Passenger car registrations have been spotty with sharply negative three-month growth and a decline over 12 months. Registrations are falling sharply in the QTD period. And beyond that, the year-on-year sales standing is at its 34.8 percentile, barely out of the grip of the lower one third of all results.

The retail sales survey from the CBI shows slippage over the last three months and weak survey values that are well below their respective medians.

Changes in consumer confidence have been small and given to no new trend. The level of confidence is itself below its median value with a 40th percentile standing.

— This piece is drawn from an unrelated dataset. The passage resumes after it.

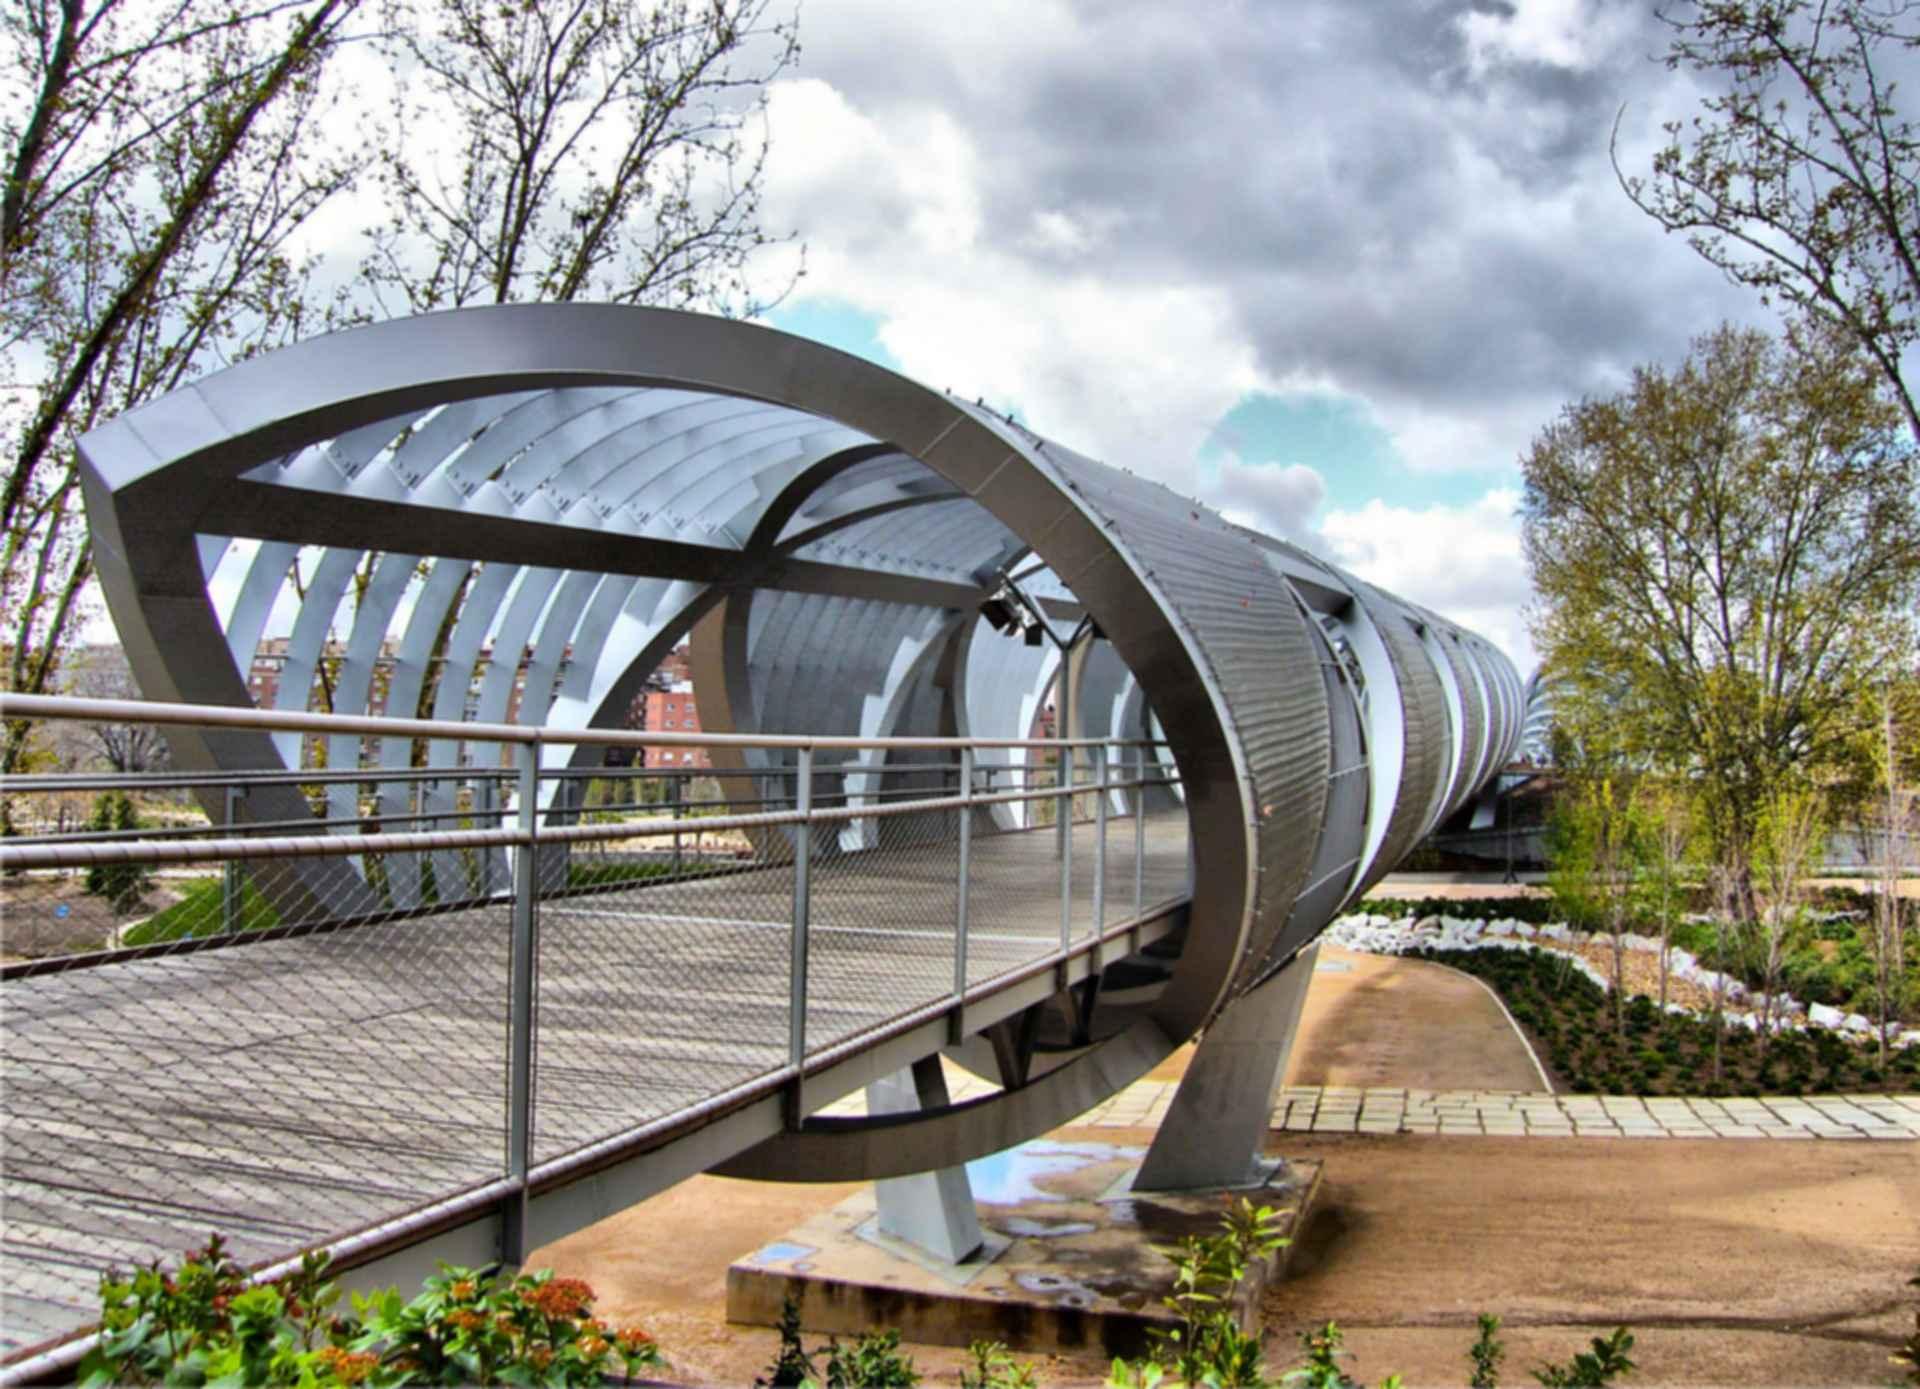 Arganzuela Footbridge by Day

These are not strong levels of sales or of consumer confidence trends or a strong start to Q4 as the Brexit plan is about to be laid out. It appears that the Brexit plan is quite limited and that the EU has, in fact, stonewalled the U.K. and given in on very few areas.

Other assessments
The financial sector seems to have been shut out except for the most perfunctory access. Markets in the U.K. are falling. Stocks, especially bank stocks, the pound sterling are giving way. Interest rates are moving higher. While Theresa May's cabinet did approve the plan, at least two key ministers have quit and there is speculation that one of them may have done so to prepare to run against her in opposition. The Brexit plan still must pass muster in Parliament and that passage is not a foregone conclusion, leaving a hard Brexit as a ‘fall back' option, much as if ‘death' is the fallback option for ‘life.'

In Scotland, once again Brexit is being taken as a reason to renew its referendum on staying in the United Kingdom. It is being portrayed as yet another reason for Scotland to decouple from the U.K., on the assumption that the EU would have them. And the way the EU has been behaving that is no clear assumption.

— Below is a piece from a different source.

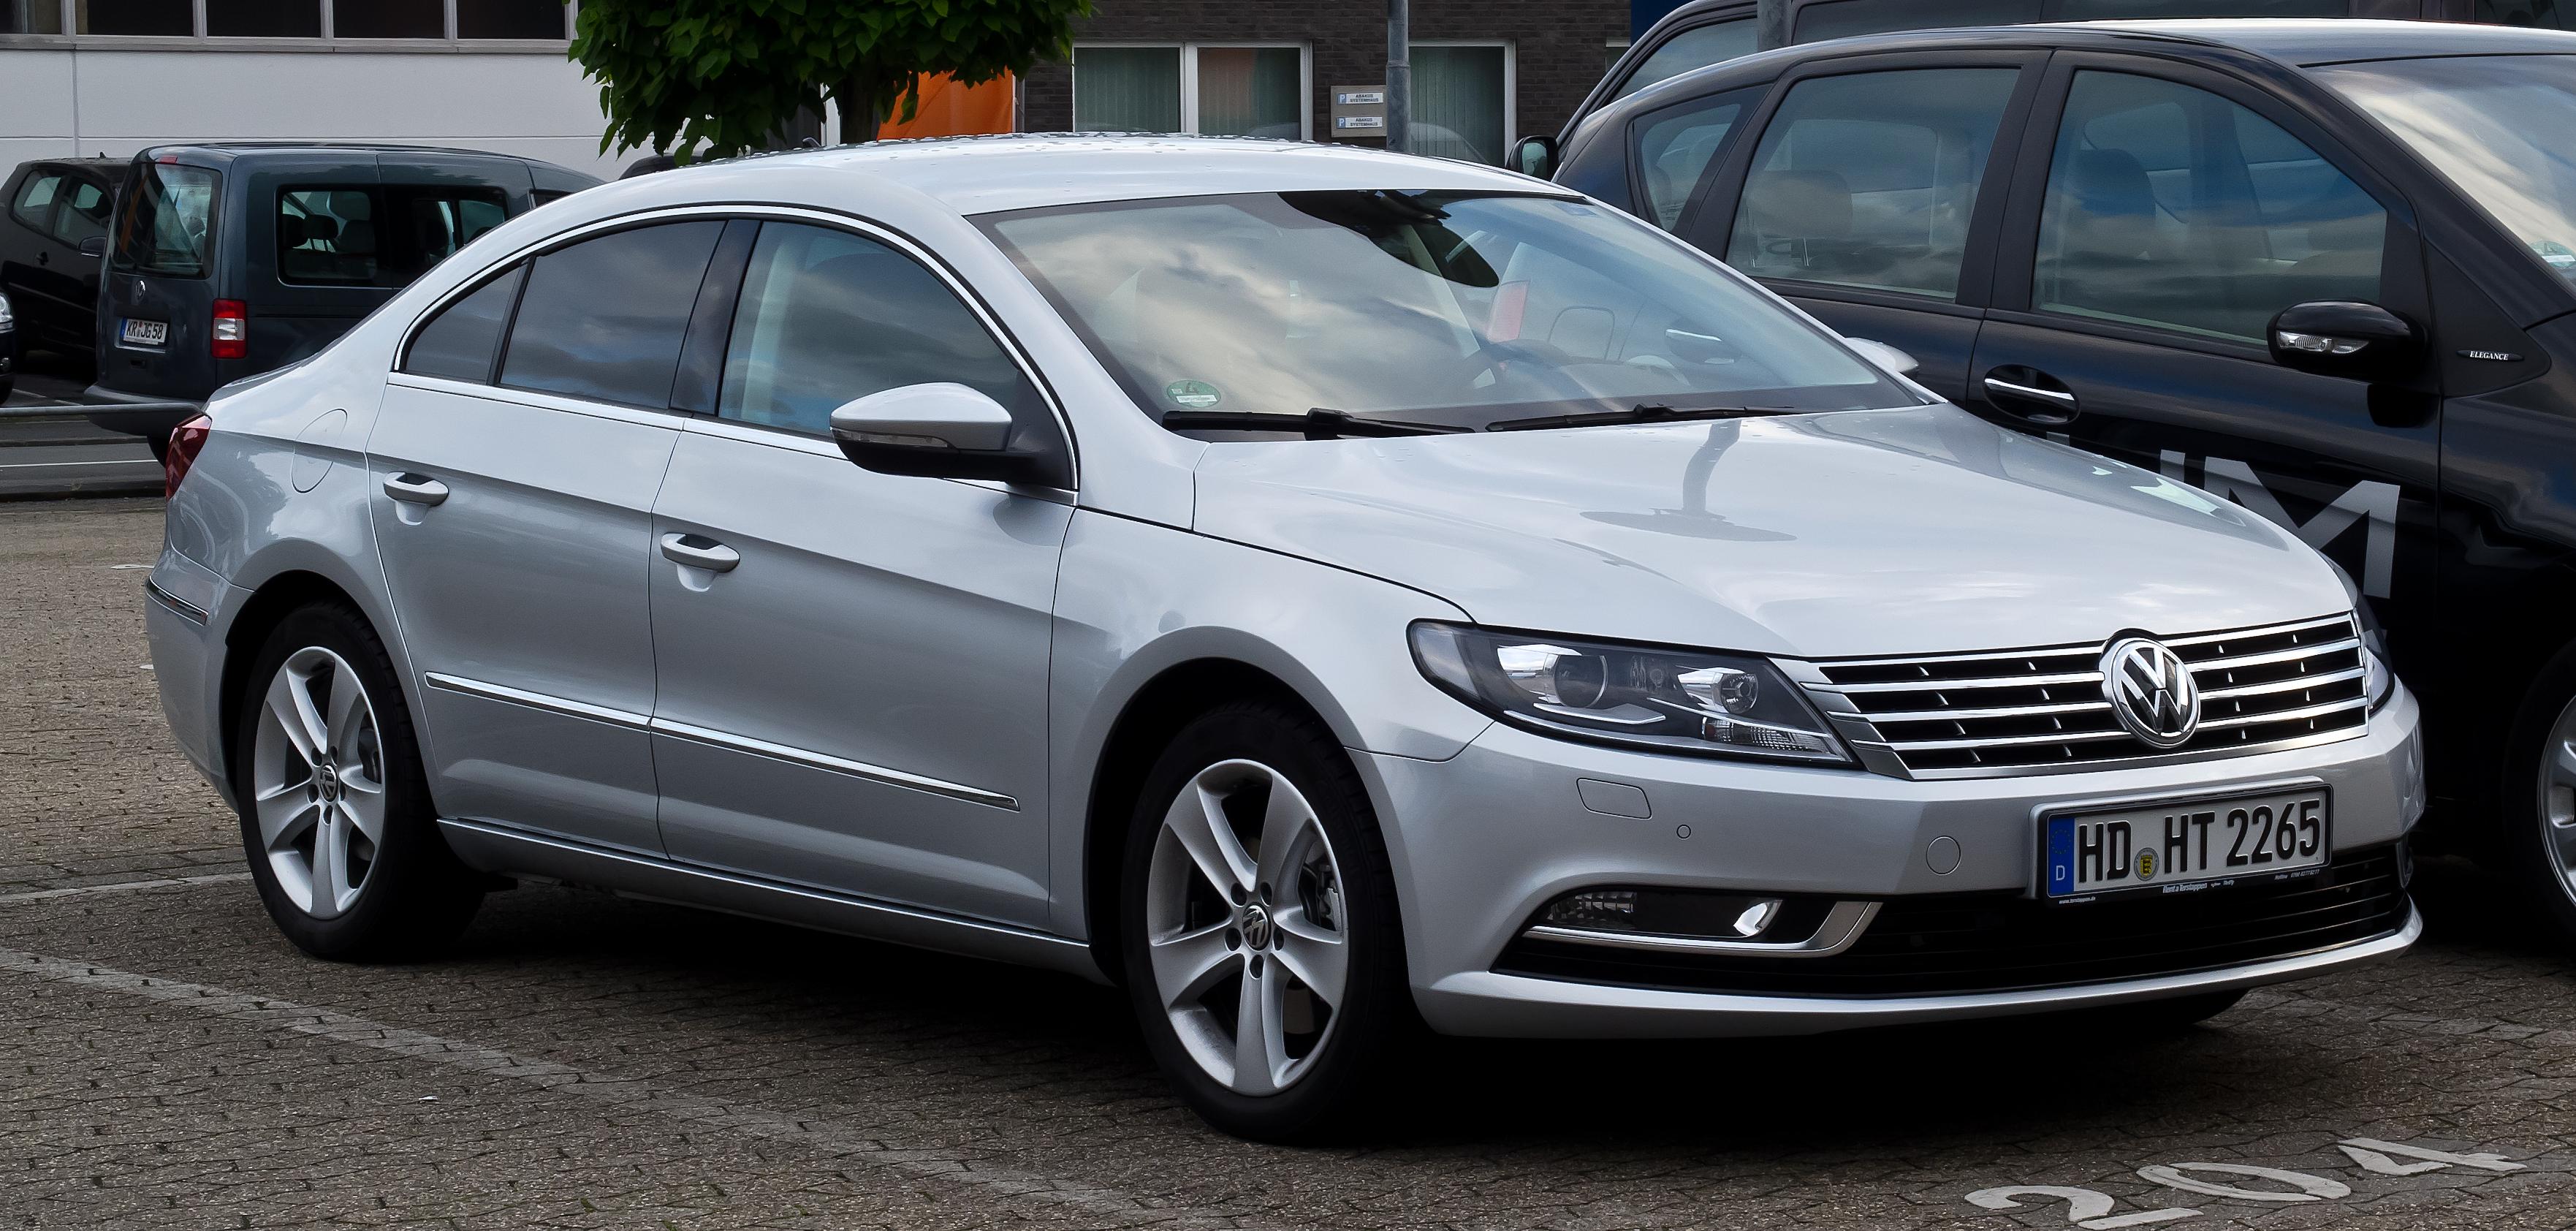 File:Volkswagen CC 2.0 TDI BlueMotion Technology (Facelift

Across the channel, EU members are preparing for the possibility of a hard Brexit. At home, the BOE has been meeting with financial market participants to gauge their reaction. All wheels are in motion. Despite PM May getting cabinet approval for her plan, that approval has come at a cost and the cost is high. While a lot of people are opposed to what she has negotiated, it is unlikely that anyone could have done better since the EU held almost all of the cards in this game. That realization is underscored by the extent of opposition that May has had to deal with at home, but with no one willing to pull the plug on her administration. No one else wanted the job she had, the task to which she was set. But now that the die will soon be cast and the ‘blame' can be rested at one person's feet, the vultures are circling for a go at governing in the wake of a done deal on Brexit where bad outcomes can be blamed on somebody else.

Ain't politics grand? The Brits may speak with greater eloquence, but they play politics with elbows every bit as sharp as anyone else's including Mr. Trump's. In for a penny, in for a pound, May's in trouble, vultures circle ‘round.